— Provided data —
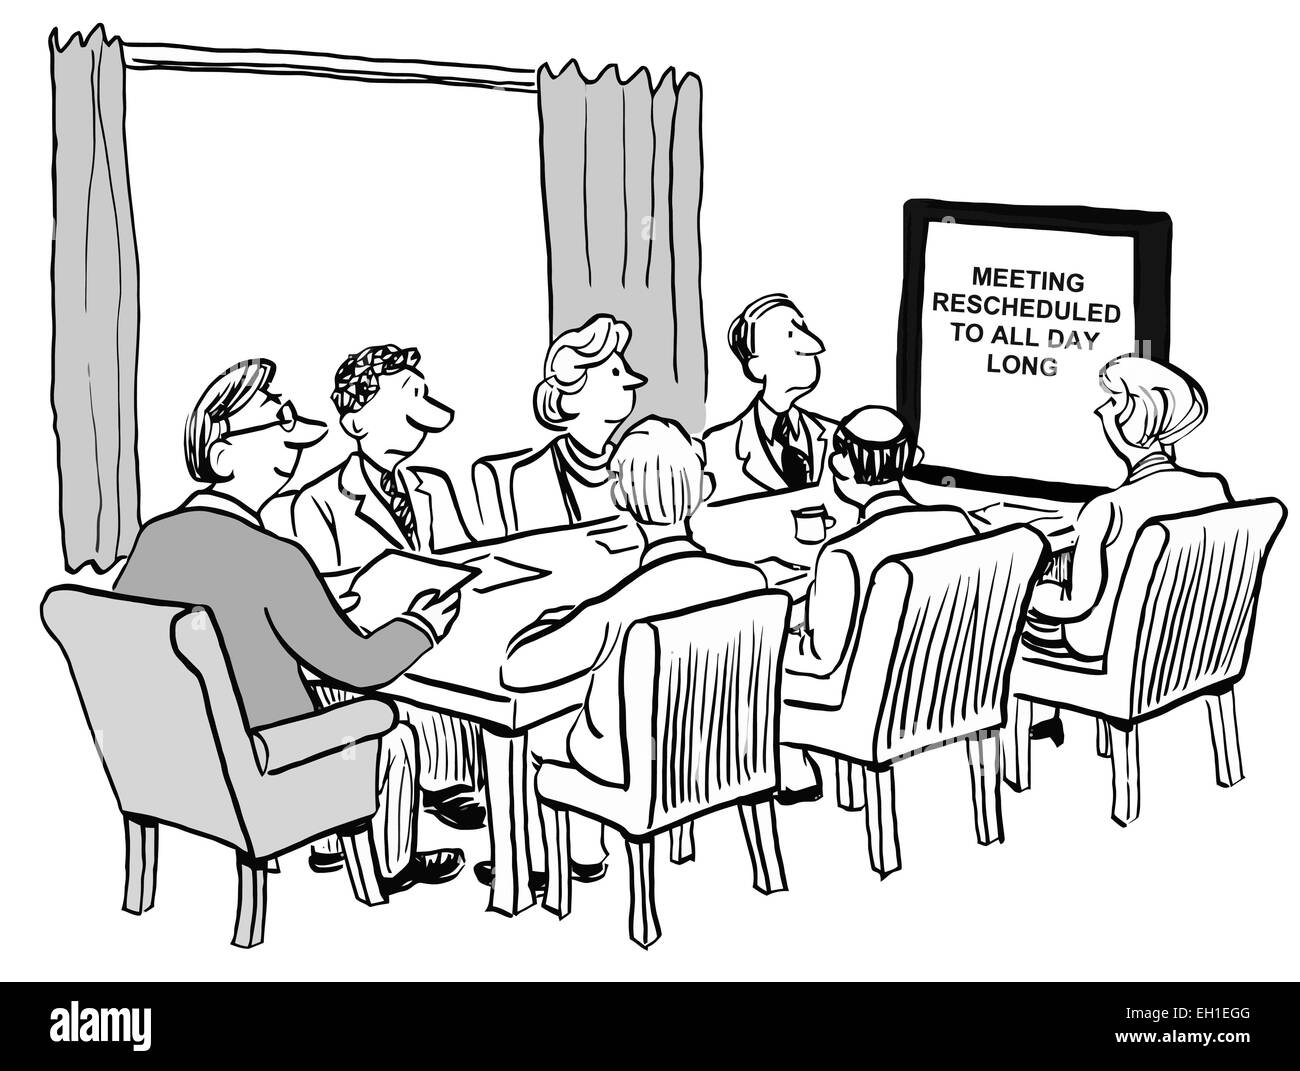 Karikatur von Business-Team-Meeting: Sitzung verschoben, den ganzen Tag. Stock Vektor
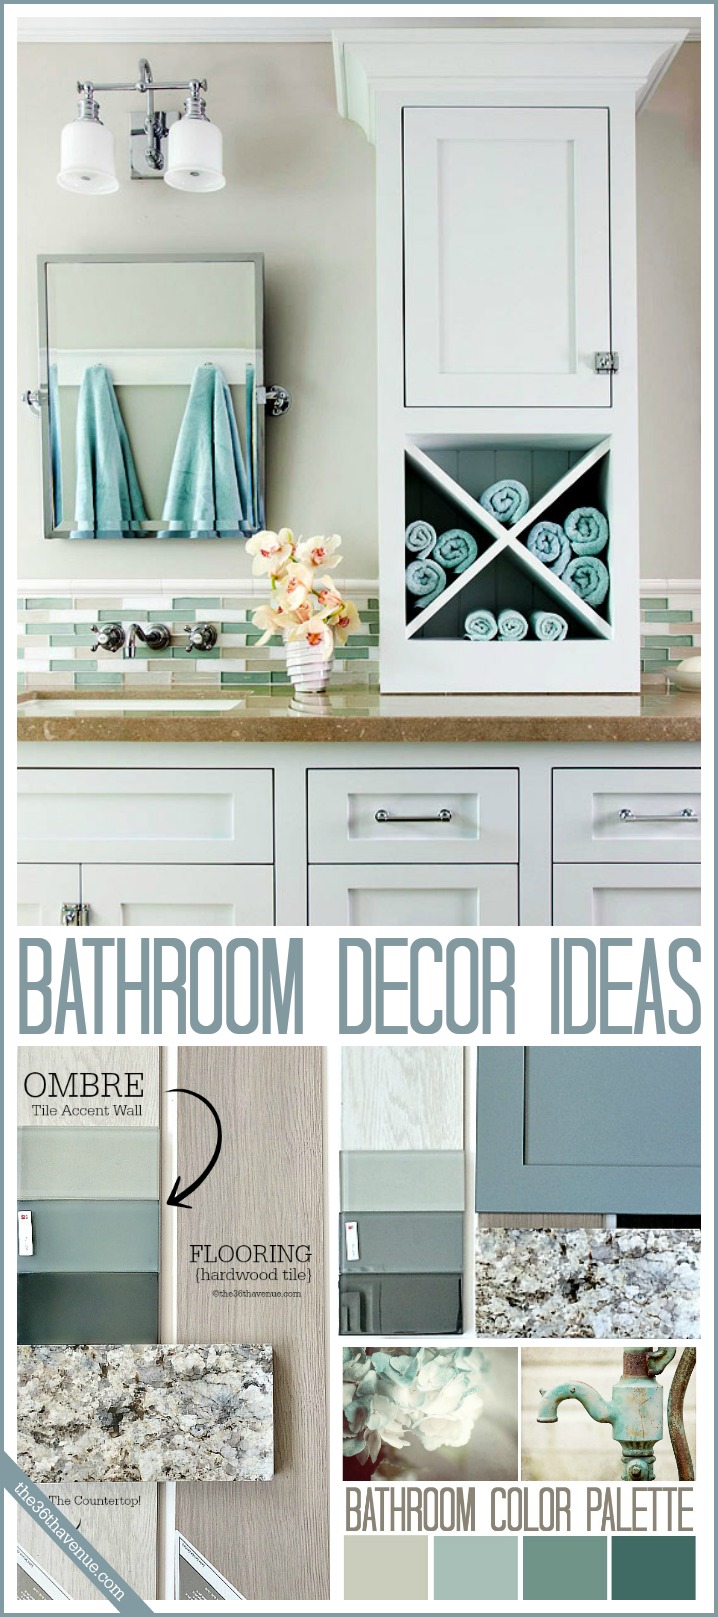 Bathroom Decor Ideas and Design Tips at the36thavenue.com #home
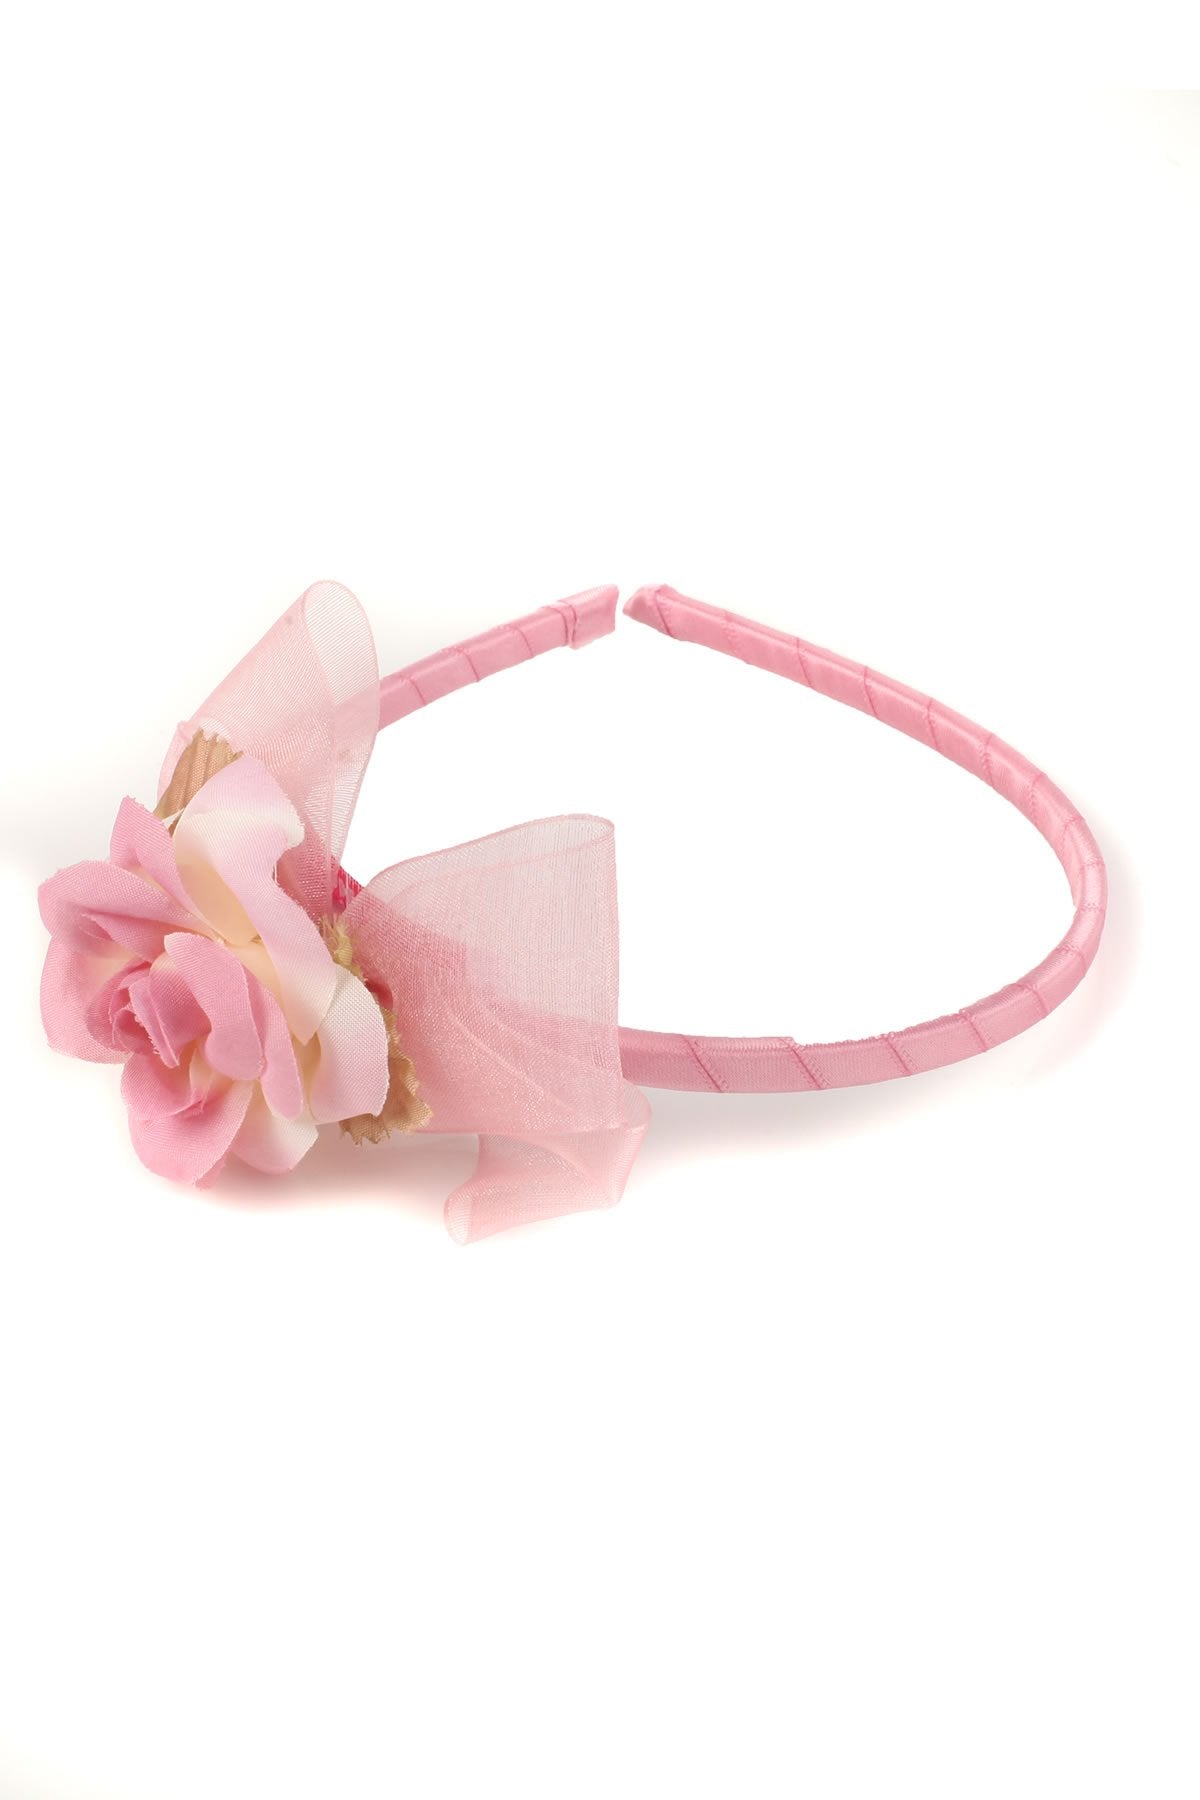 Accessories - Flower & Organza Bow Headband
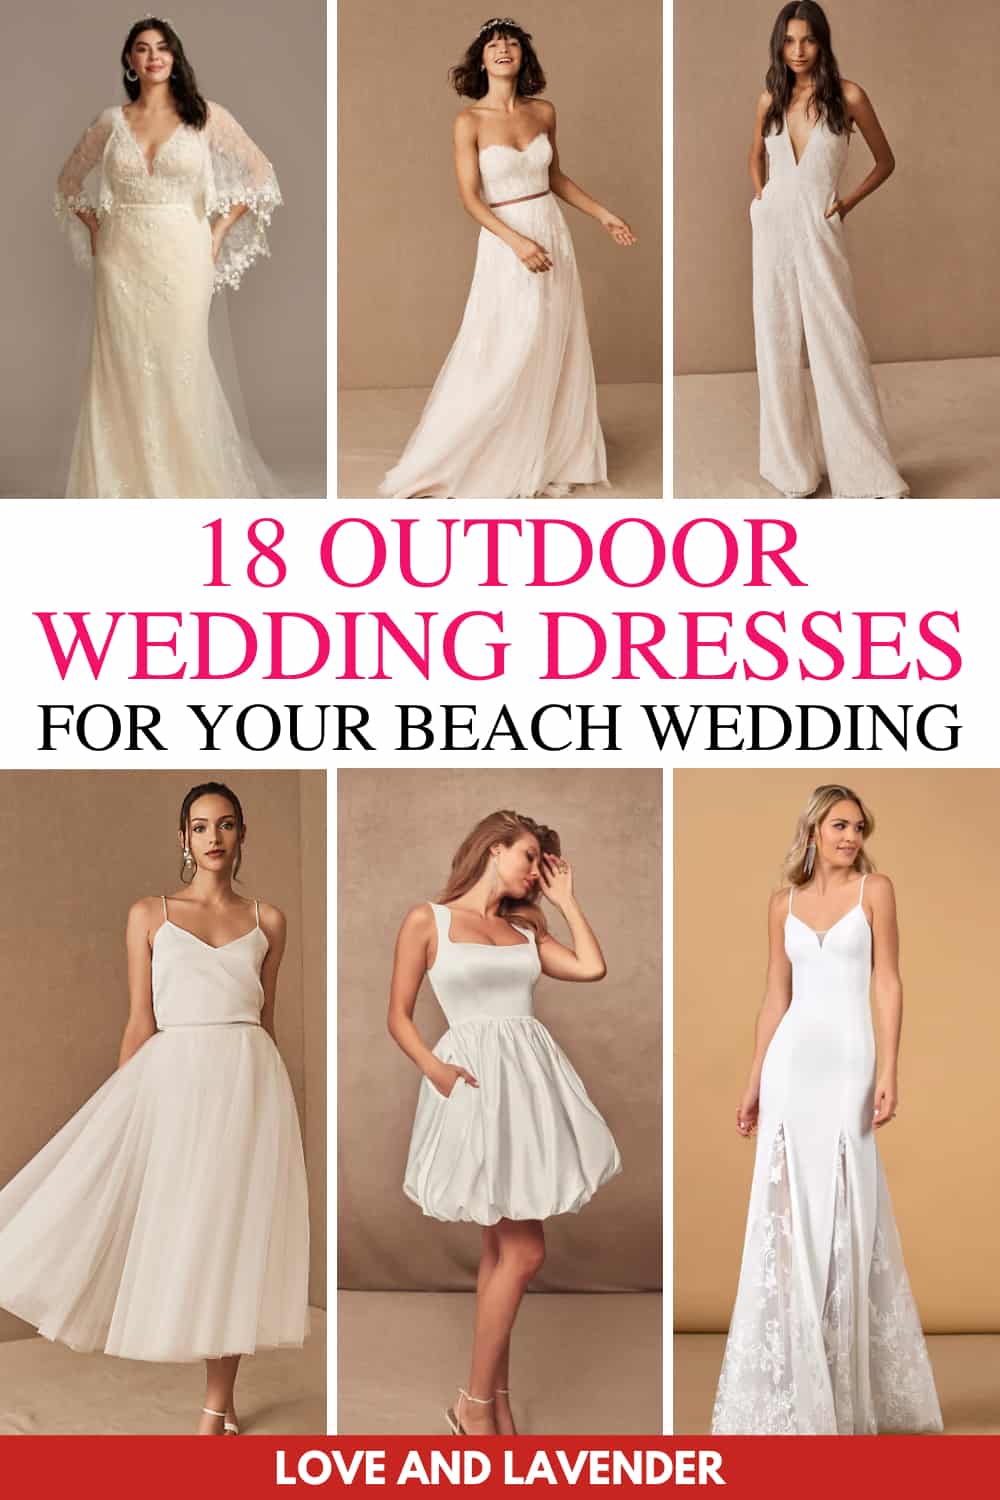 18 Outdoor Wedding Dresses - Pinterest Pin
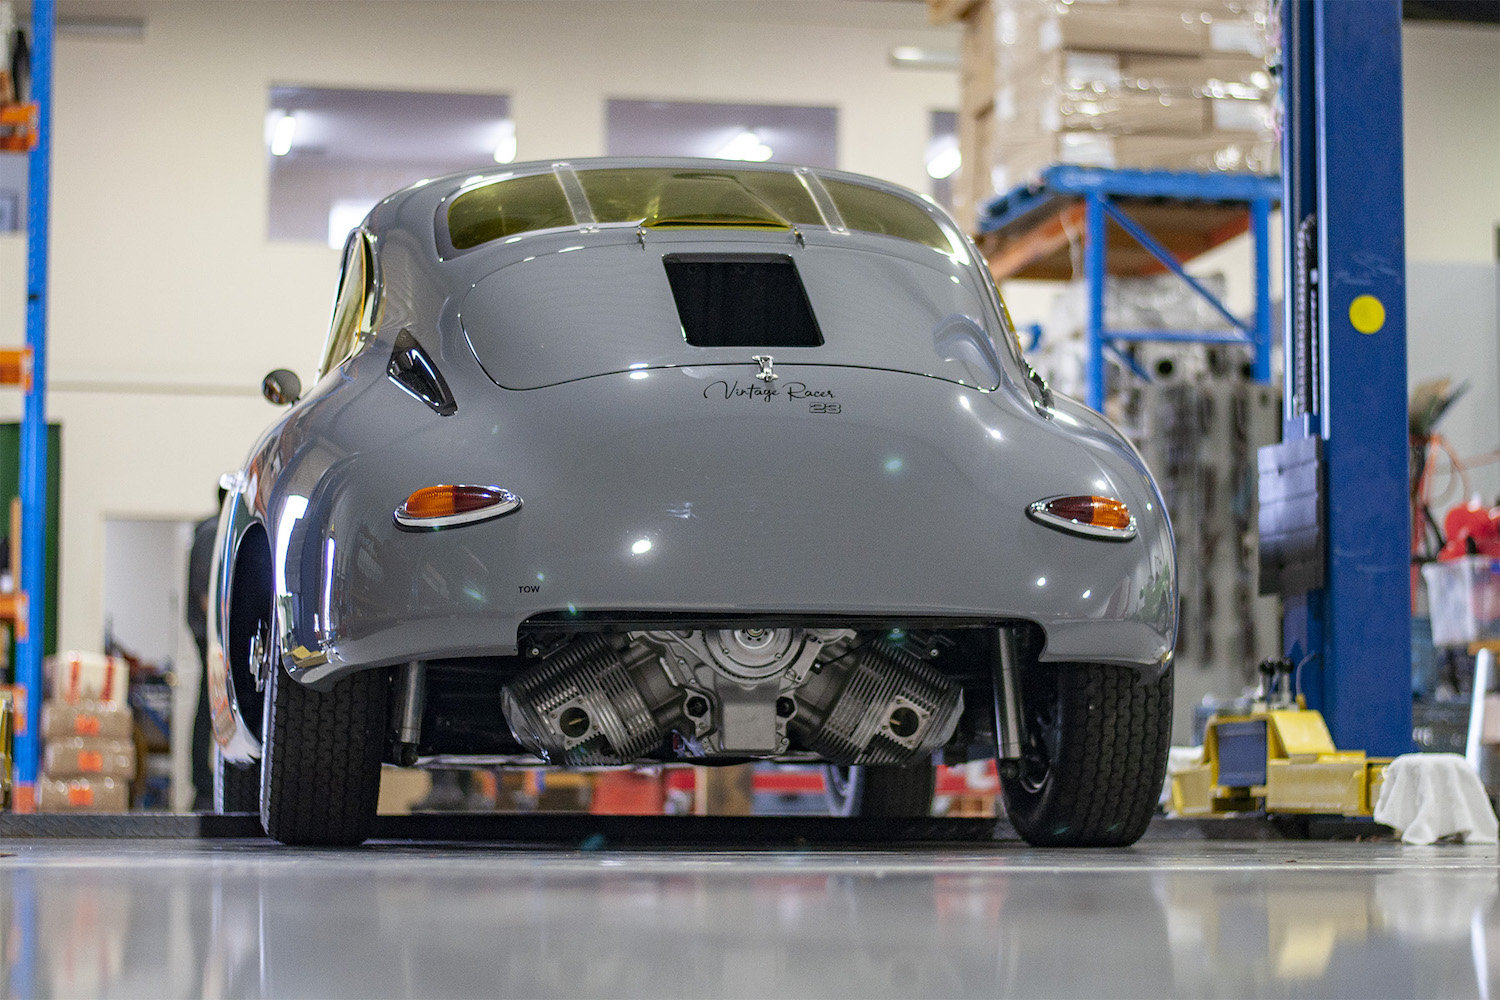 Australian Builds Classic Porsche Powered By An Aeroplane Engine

— What is needed —
Please copy the records above word for word, leaving out every picture.

— Result of this task —
 Karikatur von Business-Team-Meeting: Sitzung verschoben, den ganzen Tag. Stock Vektor
 Bathroom Decor Ideas and Design Tips at the36thavenue.com #home
 Accessories - Flower & Organza Bow Headband
 18 Outdoor Wedding Dresses - Pinterest Pin
 Australian Builds Classic Porsche Powered By An Aeroplane Engine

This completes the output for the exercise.